See Pet. 19. Respondents do not attempt to defend the latter aspect of the
Ninth Circuit's decision. In attempting to defend the former, they argue
(Br. in Opp. 20-21) that the Ninth Circuit did not refuse to give the Secretary's
views "substantial weight," but instead declined to accord her
views "great deference." Whether or not that is a distinction
with a difference, respondents nowhere suggest that the Ninth Circuit accorded
the Secretary's judgments either "substantial weight," as Mathews
requires, or deference.
6 As explained in the petition (at 23-24 & n.13), the BBA also eliminates
the subject matter-risk contracts under 42 U.S.C. 1395mm(g)-on which the
district court purported to act, and renders inoperative the statutory language
in 42 U.S.C. 1395mm(c)(1), upon which both courts below relied.

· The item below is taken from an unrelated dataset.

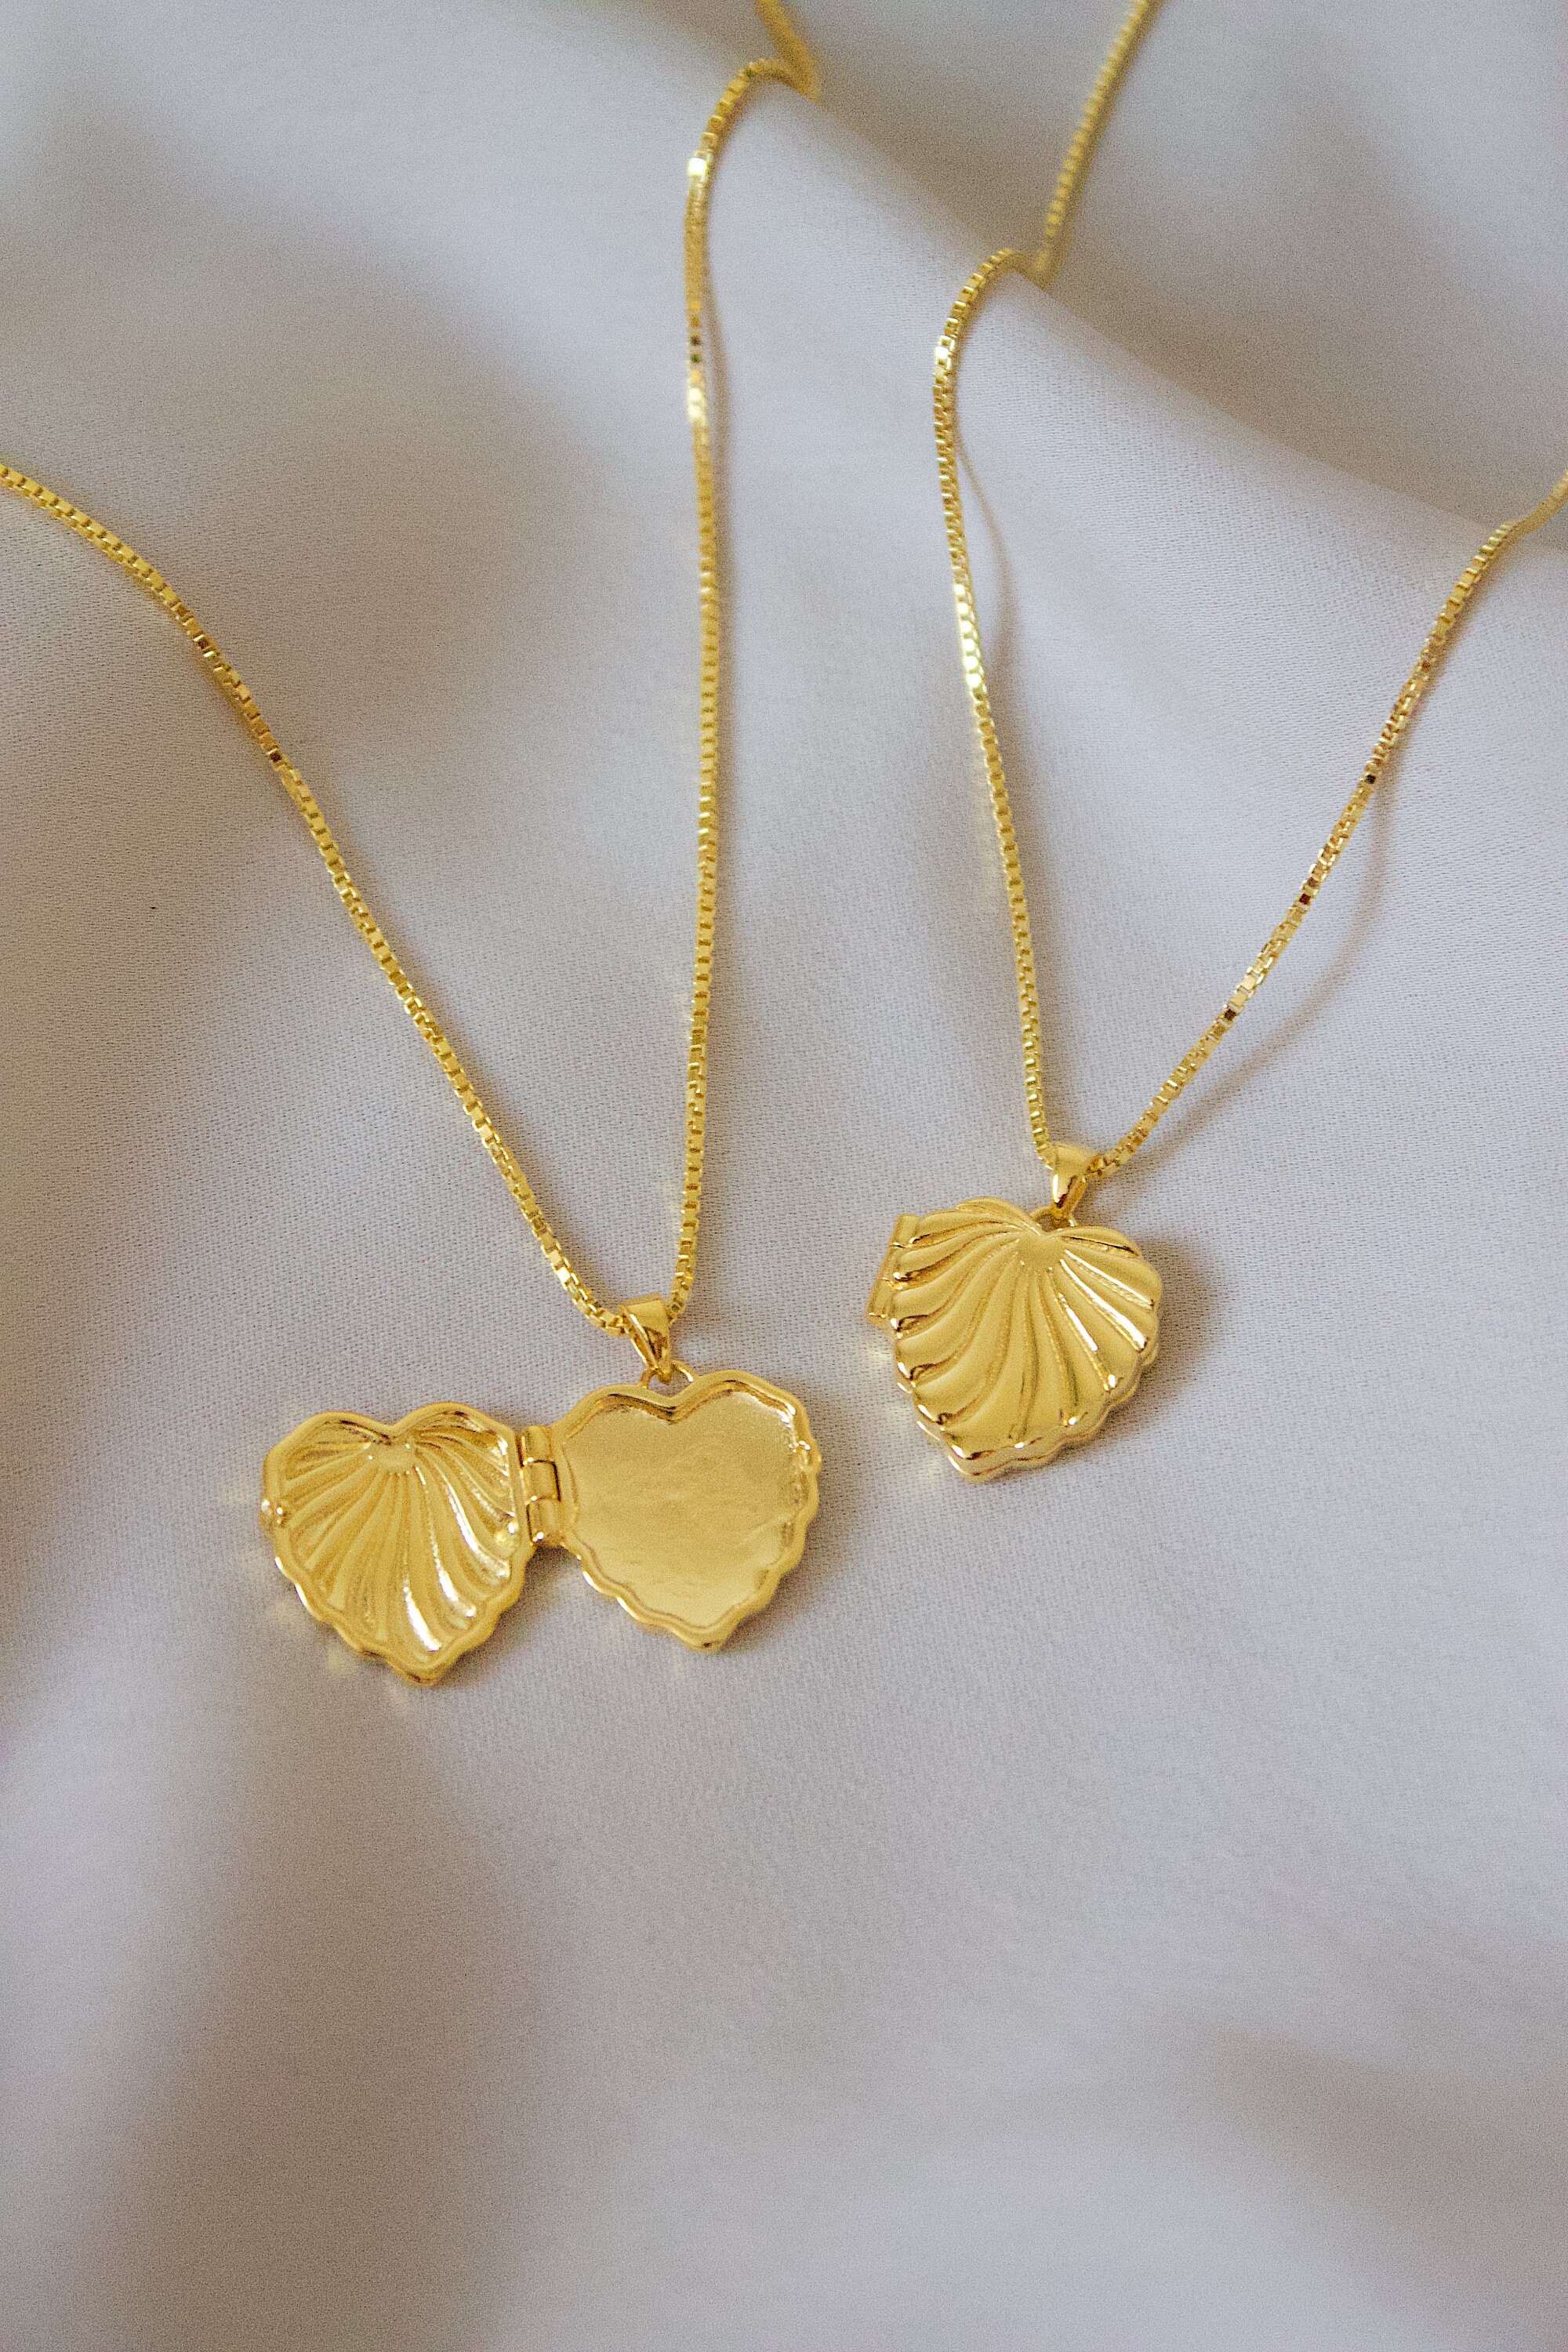 Heart Shell Locket Gold Vermeil 18K Gold Sterling Silver | Etsy
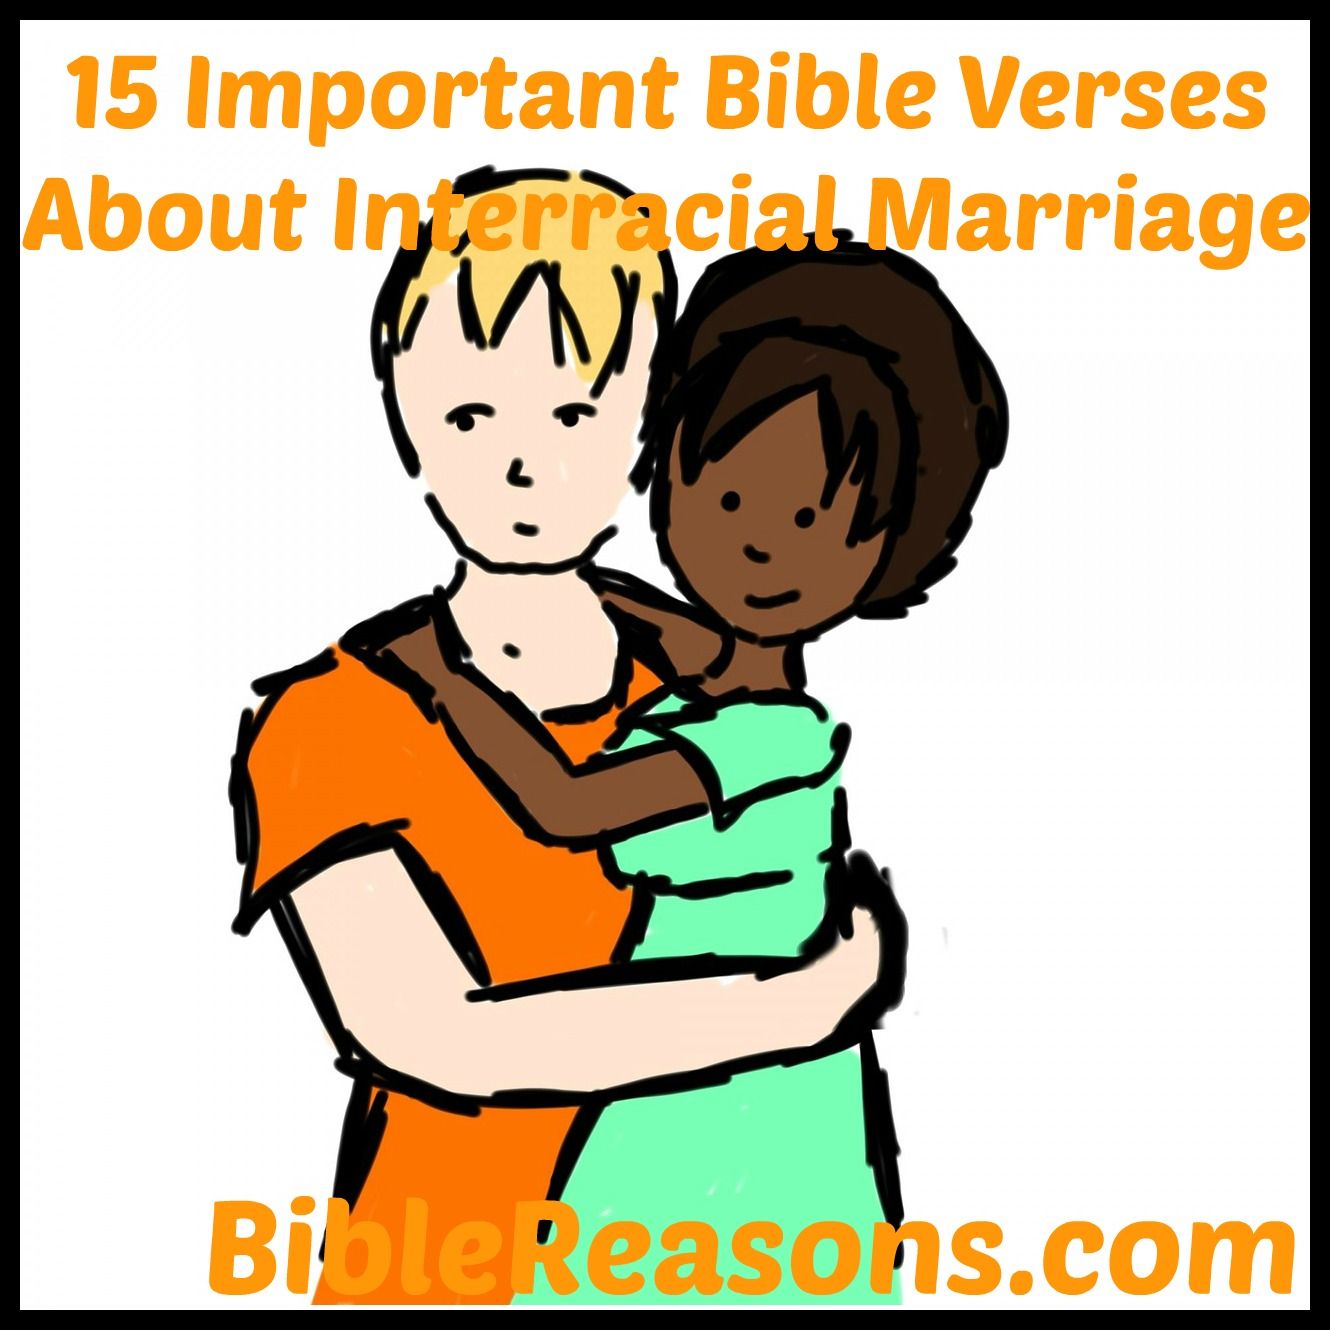 Bible verses for interracial marriage

Respondents
dispute that, arguing that those provisions have not been repealed. Whether
or not those provisions have been repealed, they have been rendered inoperative
with respect to the HMO risk contracts at issue here. The Secretary's authority
to enter into such risk contracts under Section 1395mm(g) has been withdrawn;
no Section 1395mm(g) risk contracts remain in force; and Section 1395mm(c)(1)
has no effect here because it applies to contracts under Section 1395mm(g)
but not to contracts under Medicare+Choice. See Pet. 9-10 & n.2.
7 Agostini v. Felton, 521 U.S. 203 (1997) (see Br. in Opp. 26) did not involve,
and nowhere discusses, the appropriate disposition of appeals mooted by
legislation pending review; it merely discusses the standards for Rule 60(b)
motions. Standard Oil v. United States, 429 U.S. 17 (1976) (per curiam),
addresses only the propriety of a Rule 60(b) motion based on new evidence
discovered after the judgment was affirmed on appeal.